The examples in this tutorial have used the standard Haskell format. In the standard format, comments are indicated with a double dash to their left. All comments in the examples are end-of-line comments, which means that everything following a double dash on a line is a comment. You may also create multi-line comments by enclosing blocks in the pair "{-" and "-}". Standard Haskell files should be named with the .hs extension.
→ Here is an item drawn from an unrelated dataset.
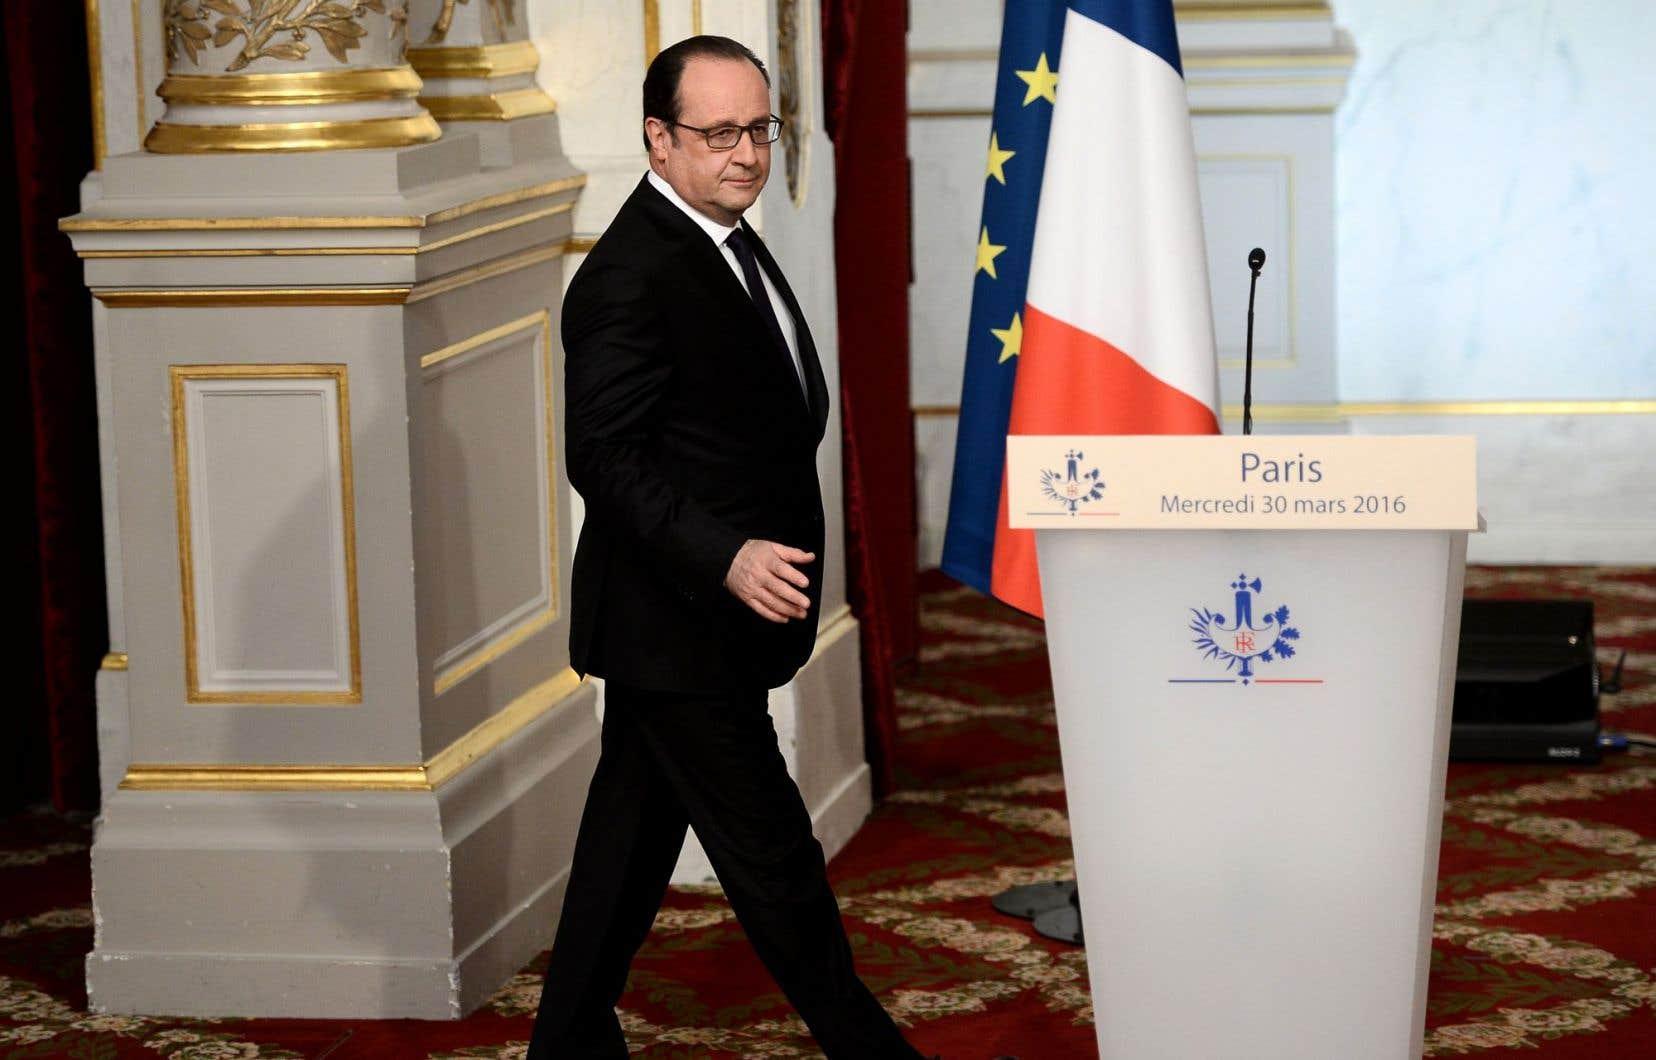 Le président français, François Hollande, s'apprête à annoncer l'abandon du projet de réforme de la Constitution.

Literate scripting is an alternative format for Haskell source files. In files named with the .lhs extension, all program lines begin with the greater than character. Everything that is not a program line is a comment. This style places an emphasis on program description over program implementation. It looks something like:
Factorial by primitive recursion on decreasing num > fac1 :: Int -> Int > fac1 n = if n==1 then 1 else (n * fac1 (n-1)) Make an "adder" from an Int > mkAdder n = addN where addN m = n+m > add7 = mkAdder 7 |
Sometimes in Haskell programs, function definitions will span multiple lines and consist of multiple elements. The rule for blocks of elements at the same conceptual level is that they should be indented the same amount. Elements that belong to a higher level element should be indented more. As soon as an outdent occurs, further lines are promoted back up a conceptual level. In practice, it is obvious, and Haskell will almost always complain on errors.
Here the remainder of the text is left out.